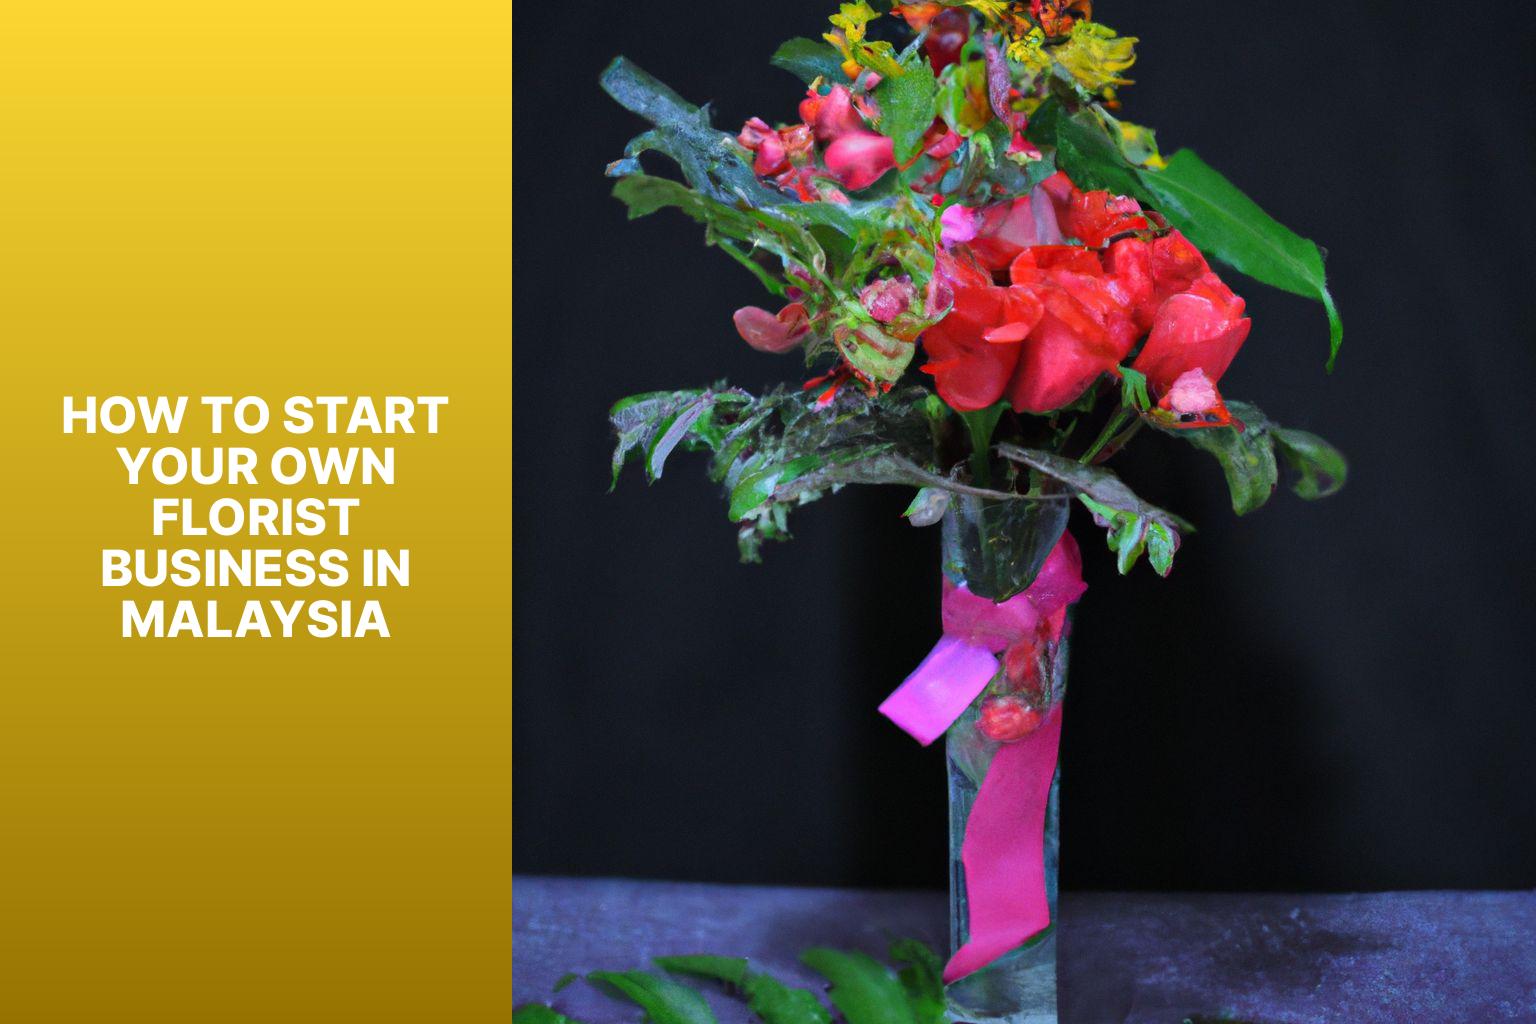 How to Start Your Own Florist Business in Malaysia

---

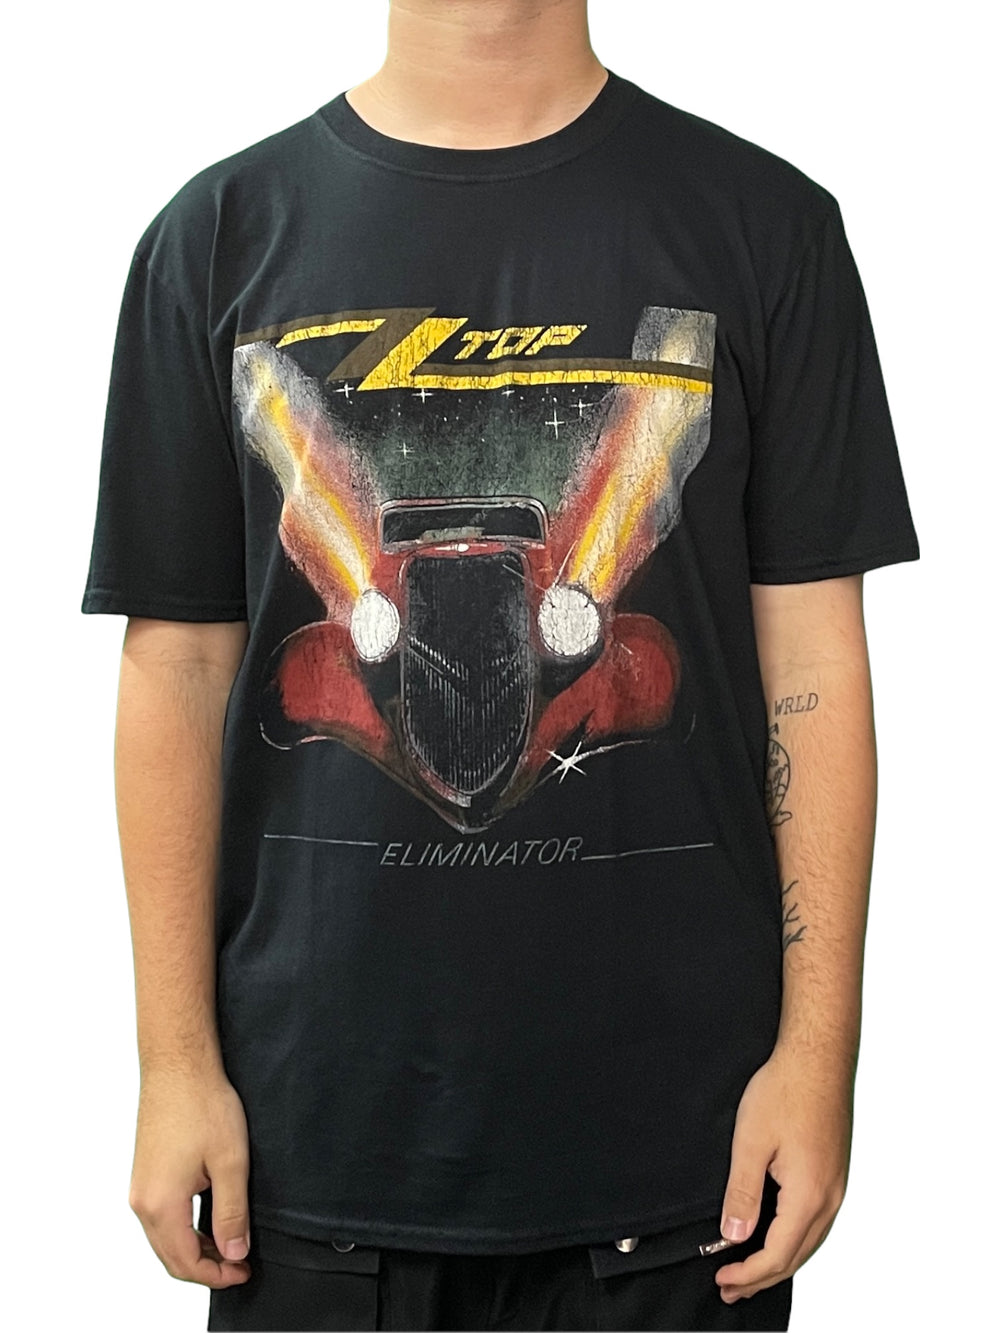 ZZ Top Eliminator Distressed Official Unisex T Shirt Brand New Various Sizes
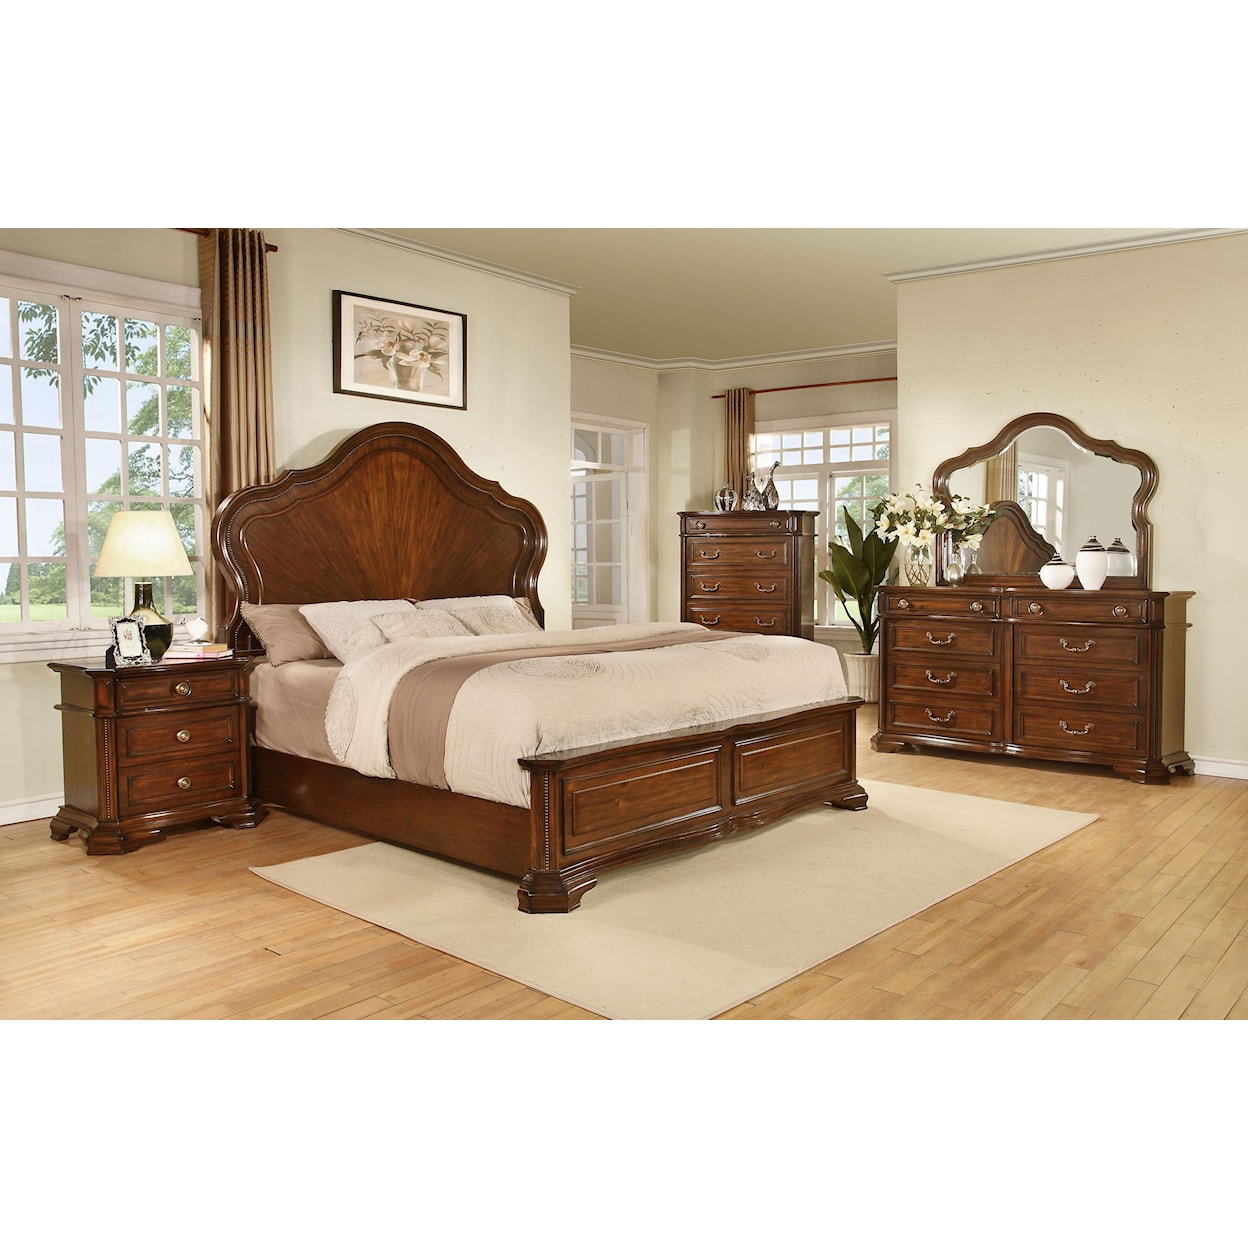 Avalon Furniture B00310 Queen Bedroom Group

**AIM OF THE TASK**
Write out word for word the lines of the listing above from the line with "ZZ Top Eliminator" to the line with "Avalon Furniture B00310 Queen Bedroom Group", taking in both of those lines but no pictures.

**REPLY TO THE TASK**
 ZZ Top Eliminator Distressed Official Unisex T Shirt Brand New Various Sizes
 Avalon Furniture B00310 Queen Bedroom Group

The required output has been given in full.